Review: Repo! The Genetic Opera

I honestly have mixed feelings about this movie. While there were plenty of times I just wanted it to be over, there were also moments that I got sucked into and thoroughly enjoyed. I’m not really sure how to review this movie, so I’m going to go with the “compliment sandwich”, ok? Here we go.

I really enjoyed this film for the cinematography, lighting, costume design, and pretty much everything else that could possibly affect the visual aesthetics. The movie specifically chose lighting in certain scenes that was extremely reminiscent of German Expressionist silent films like The Cabinet of Dr. Caligari and Nosferatu.

The scenes do reflect back to older horror films and have an odd sense of nostalgia about them, despite their content. Thus, I can’t say I entirely hate this film because the people creating it obviously have knowledge of film history and know, visually, what they’re doing. They not only visually referenced the films mentioned above, but they also seem to have been influenced by futuristic dystopian films such as Blade Runner.

I can appreciate a film that knows where the medium has been, and I really do appreciate them using these visual styles as references to cinema history, yet still adding to the visual aesthetic.

Alright, now to the bad parts of my “compliment sandwich”. I honestly thought a majority of the songs in this were atrocious. I cannot express how happy I was when Nathan slapped Shiloh after her “Seventeen” song.

It’s not even that the music in these songs is awful, but a lot of the actors in this film were over-acting (especially during the songs) and it made them annoying to listen to. The only songs I enjoyed in this film were sung by either the Graverobber or Blind Mag, and all the other songs were either just sort of awkwardly there or were so annoying that I just wanted them to end so I could get back to focusing on the story.

Speaking of the story, I’m honestly sort of confused. Not that the story didn’t make sense, but why was pretty much everyone in love with Marni? Why was she so special? The film goes to great lengths to explain the love triangle between Rotti and Nathan both loving Marni and the fact that Blind Mag was Marni’s best friend, but honestly I don’t know what was so special about Marni. If she was so important, you think they would have done more character development on her rather than “she’s dead now but EVERYONE loved her. EVERYONE”. I found myself wanting to know why everyone thought she was so great and not really caring that all these people were still caught up in a grudge over her. I mean, sure, she’s dead and has been for a long time, but you could at least give us some reason as to why the whole plot surrounds her former existence.
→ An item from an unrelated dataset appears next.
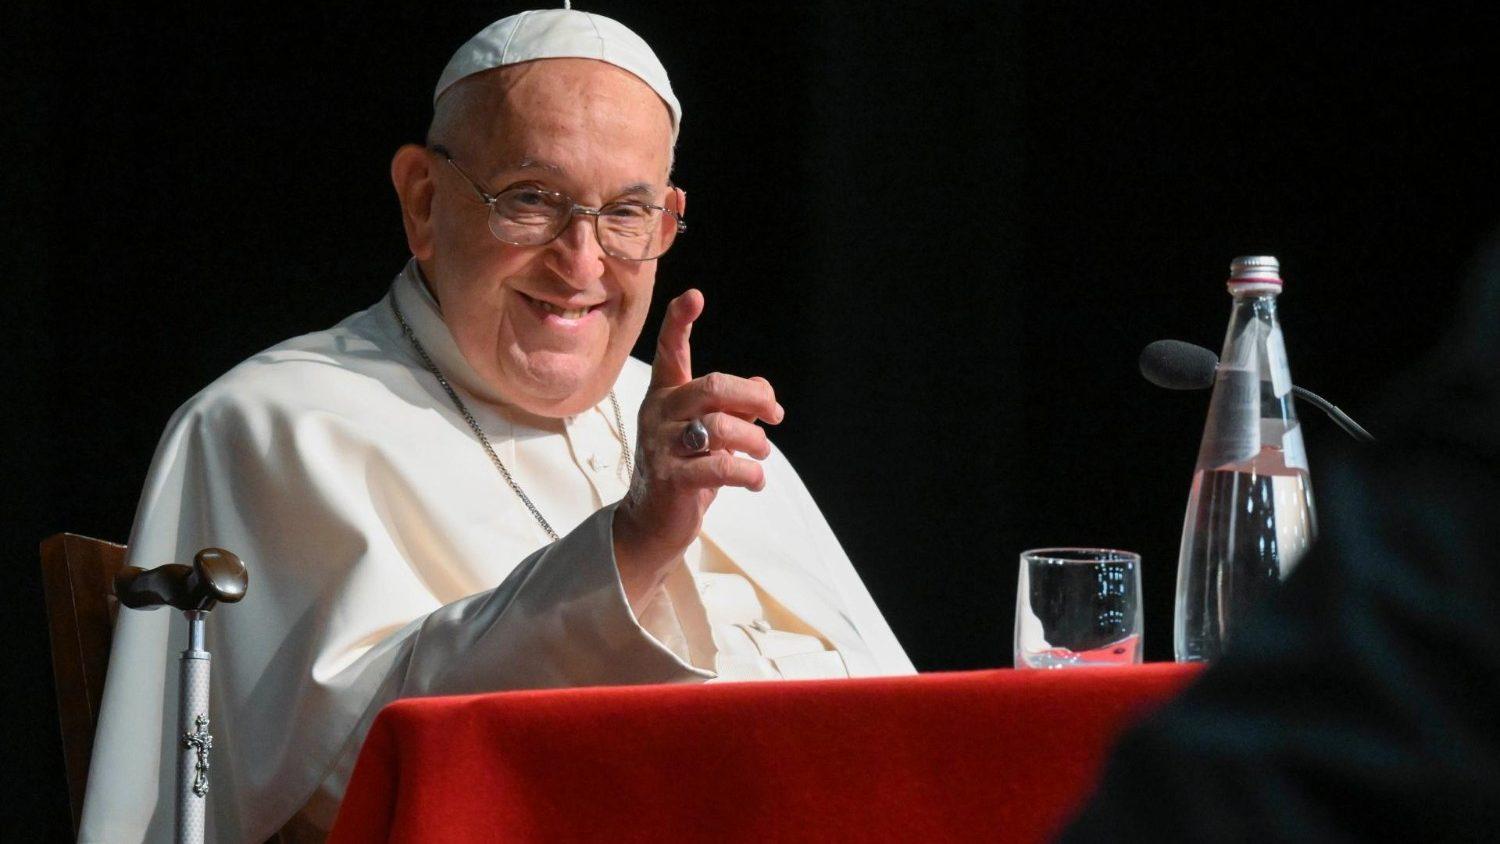 Pope Francis reportedly uses offensive term for homosexuality a second time

Speaking of Marni, I honestly don’t see why they even had to add the whole bit about Blind Mag being her best friend. She’s an excellent singer who happened to be blind and Geneco gave her new eyes. I’m sure Geneco would have given her the lifelong contract to work for them knowing how talented she was, so I’m not sure why they thought it was necessary to make her Marni’s best friend.  I think the love triangle thing works on its own and I just think it got cluttered trying to add Blind Mag into that equation.

I understand that this film was low-budget, but I really wish they had been able to do better casting, or maybe just better cast motivation. Most of the actors never really seemed to have their characters pin-pointed, nor did they seem to think they had to. Anthony Head was fun and interesting as Giles from Buffy the Vampire Slayer so it was really disappointing to see him in this movie seeming like he didn’t really want to be there. Giles, I mean Nathan, was sort of a strange character that I never exactly figured out. For someone who says he hates his job, he sure seems to enjoy it.
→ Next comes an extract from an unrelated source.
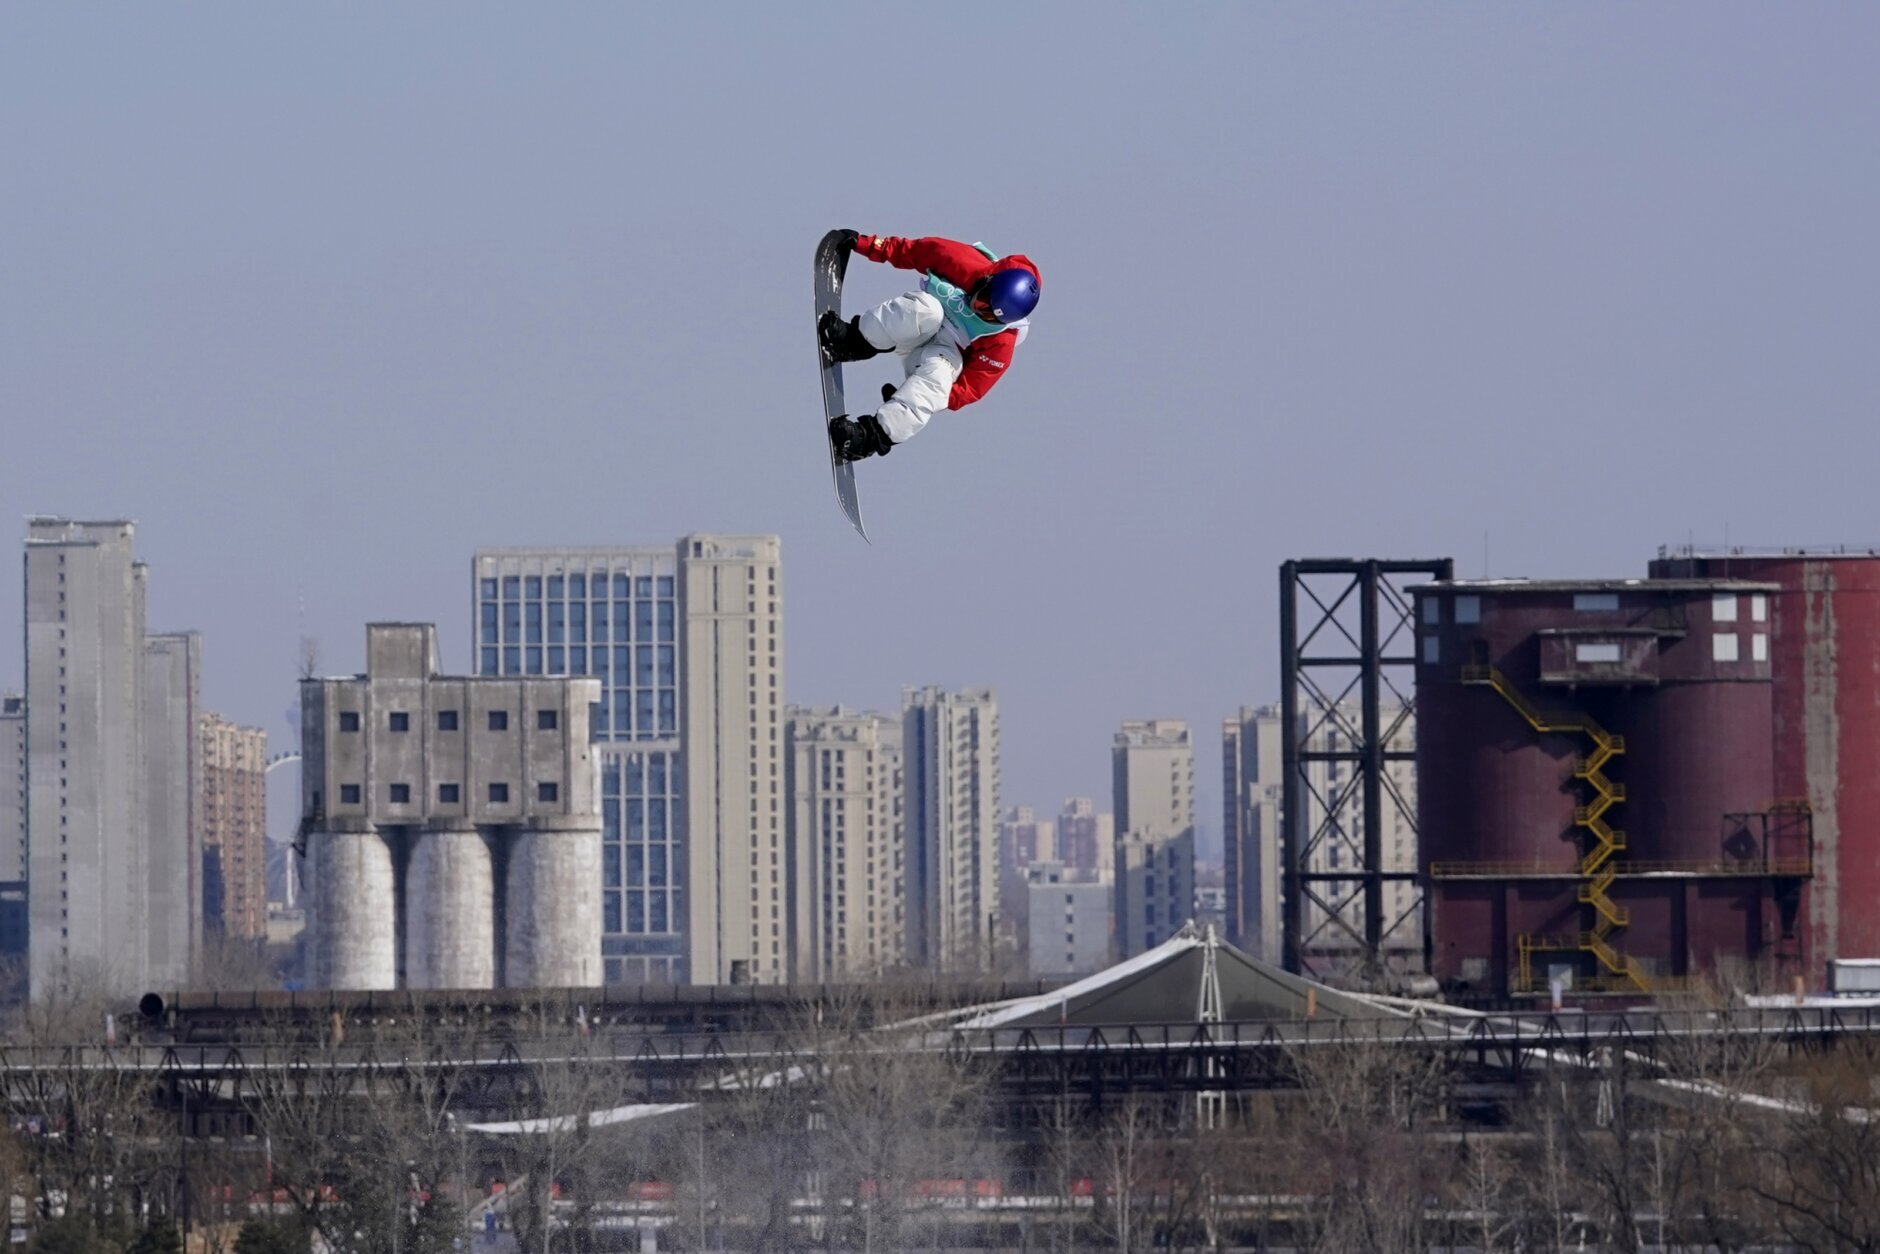 <p>Takeru Otsuka of Japan competes during the men&#8217;s snowboard big air finals of the 2022 Winter Olympics, Tuesday, Feb. 15, 2022, in Beijing.</p>

To be fair, I really did enjoy Sarah Brightman as Blind Mag, and I enjoy all the work Terrence Zdunich put into this film and his character, the Graverobber. There is a reason the Graverobber is a fan-favorite, and it’s because Terrence Zdunich gave that character his all (unlike a majority of the cast, unfortunately).

Segueing back to the good things permanently though, I did appreciate that the filmmakers seemed to embrace that this film was cheesy and campy. There were a handful of moments that seemed as though this movie took itself too seriously, but there were plenty of other moments that showed the filmmakers awareness of how ridiculous this project was. Case in point, the Graverobber using a dead body as a battering ram.
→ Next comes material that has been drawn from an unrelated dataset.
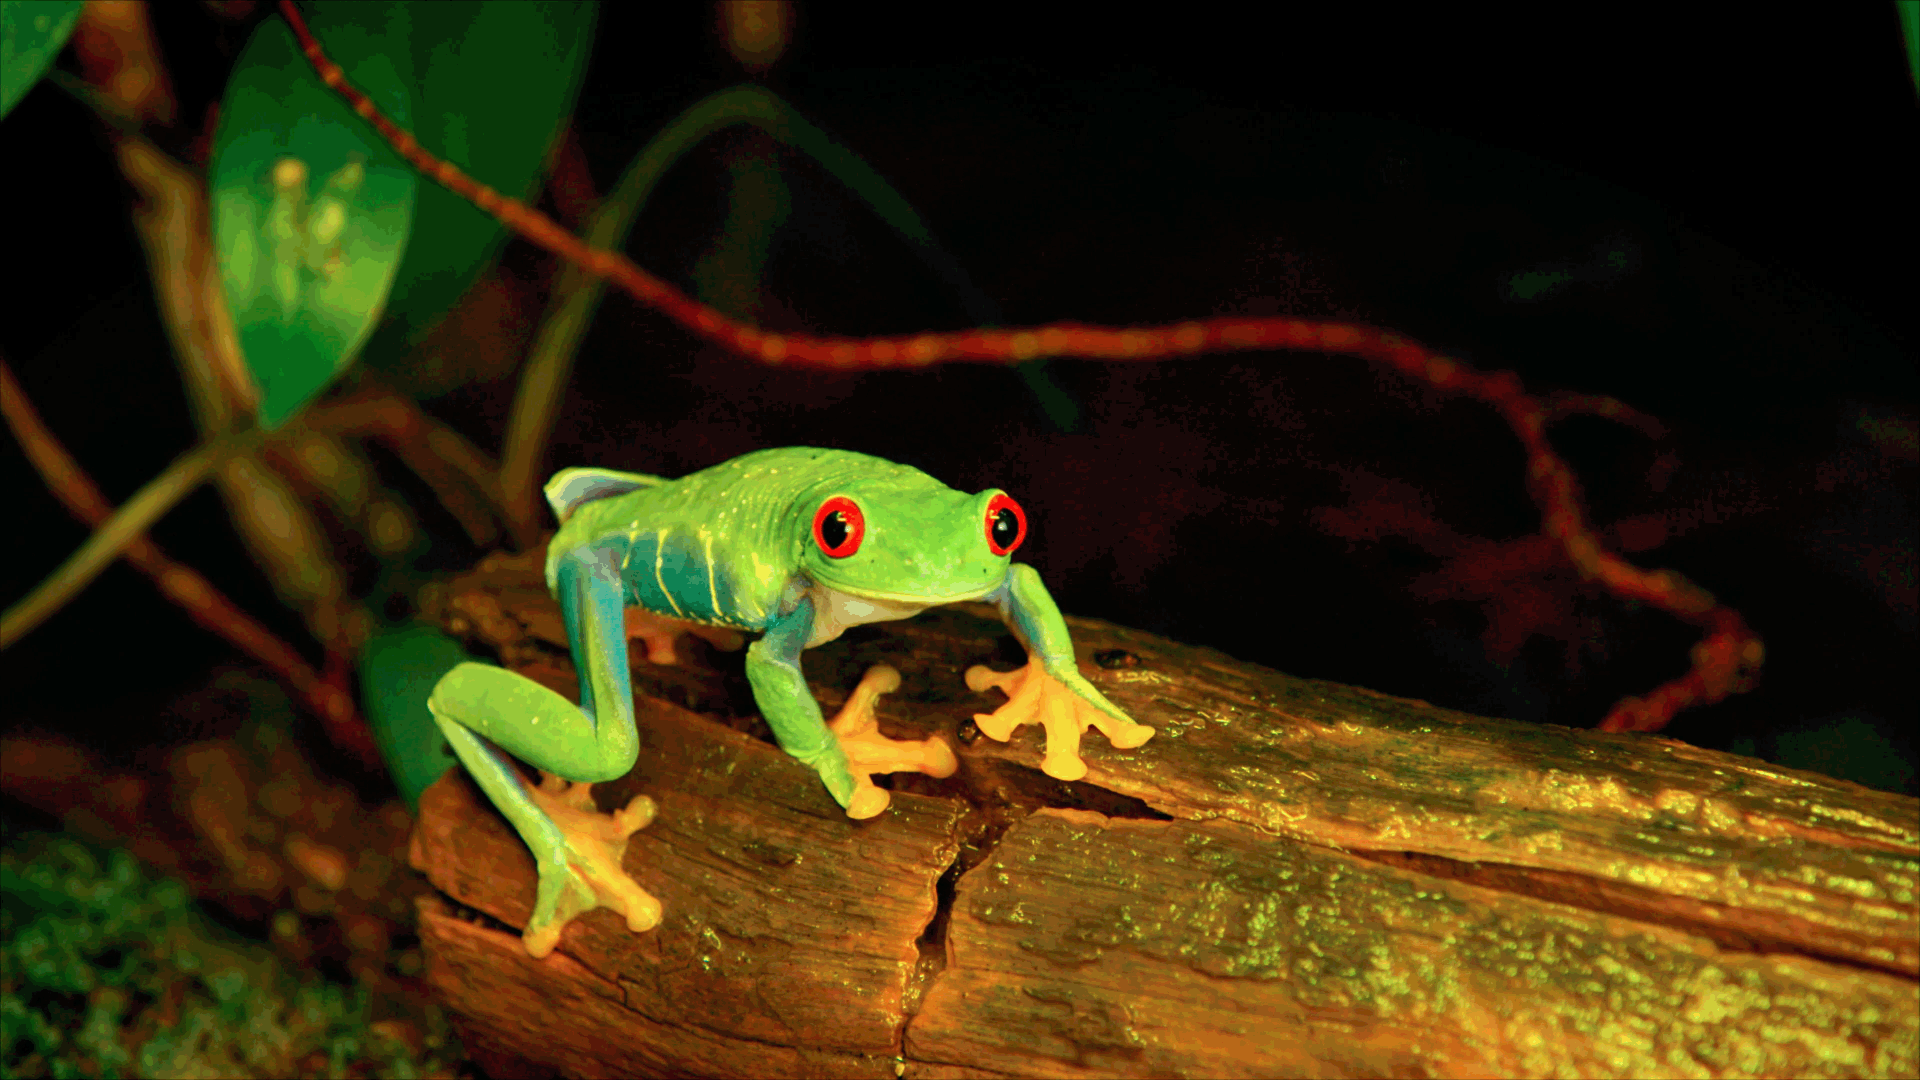 Blue Skye Nature - Frogs

I laughed so hard at this scene for how visually ridiculous it was, and yet it still said so much about the film. In this movie, people don’t care about each other and will use others to their advantage, even if that means using a dead body to break into a building so they can hide from the cops. Another visual aesthetic I loved about this film was the use of comic panels to montage parts of the story. It fit well with the overall campiness of the movie without being jarring, and it was a nice break from the expressionistic scenery and lighting.

I would not watch this movie very often because I honestly can’t sit through some of those songs again anytime soon. However, this movie has great visuals and you can tell that the people working on this movie have a working knowledge of film history, which is always appreciated. I honestly think this movie could have been done much better had it been given a larger budget and had more people working on the music. Overall, I would have to say that this movie ranks in my book as “awesomely bad”.